# Inference-time Safety Aiwiki — Bills Draft (v0.2)

> Status: post-batch-1 promotion. v0.1 → v0.2 changes:
> - **Promoted Bill_18** (Alignment-as-patch transparency) — sweep 54 surfaced the 2025-2026 "high with mitigations" deployment pattern: Claude Opus 4 (May 2025, ASL-3), o4 (July 2025, high-bio), Gemini 3 Ultra (Nov 2025, mid-tier biosecurity) all deploy frontier-capable models above prior thresholds and rely on inference-time classifiers/monitors as sufficient mitigation. Adaptive-attack bypass rates exceed 50% on most.
> - **Promoted Bill_19** (CoT-monitorability validation) — sweep 53 + 54 surfaced the load-bearing CoT-faithfulness assumption: o1, Claude 3.7 thinking, Gemini 2.0 Thinking, GPT-5 all assume reasoning trace is faithful to behavior.

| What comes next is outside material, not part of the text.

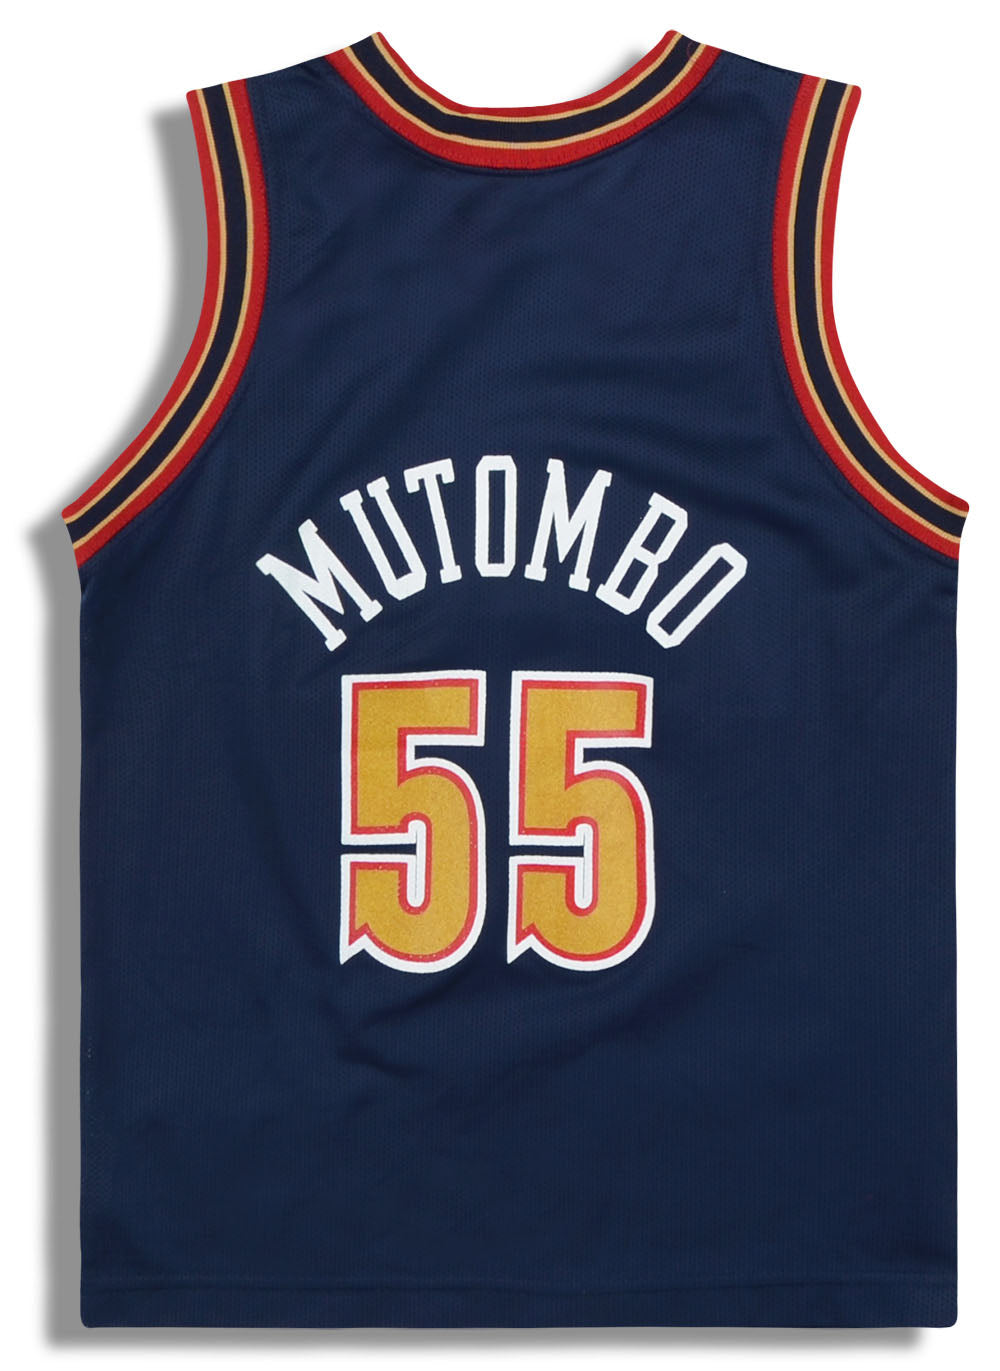 1993-95 DENVER NUGGETS MUTOMBO #55 CHAMPION JERSEY (AWAY) Y

Sleeper-agents 2024-01, Apollo o1 99% lying-about-actions, and Apollo Claude 4 Opus 47% self-exfiltration directly contradict this assumption.
>
> Bills 7, 11, 14, 17 remain ★ predicted-empty. Across batch 1 (409 unique papers, 24%+ rebuttal density), all 4 ★ bills HOLDING. Strongest public anchors: **Andriushchenko-Carlini Simple Adaptive Attacks (arXiv:2404.02151)**, **AgentDojo prompt-injection benchmark (arXiv:2406.13352)**, and **Anthropic Constitutional Classifiers** as a partial-closure candidate rather than a clean universal-mitigation break.

## The nineteen bills

A "bill" is a closure mechanism that any inference-time safety claim on a frontier LLM must engage.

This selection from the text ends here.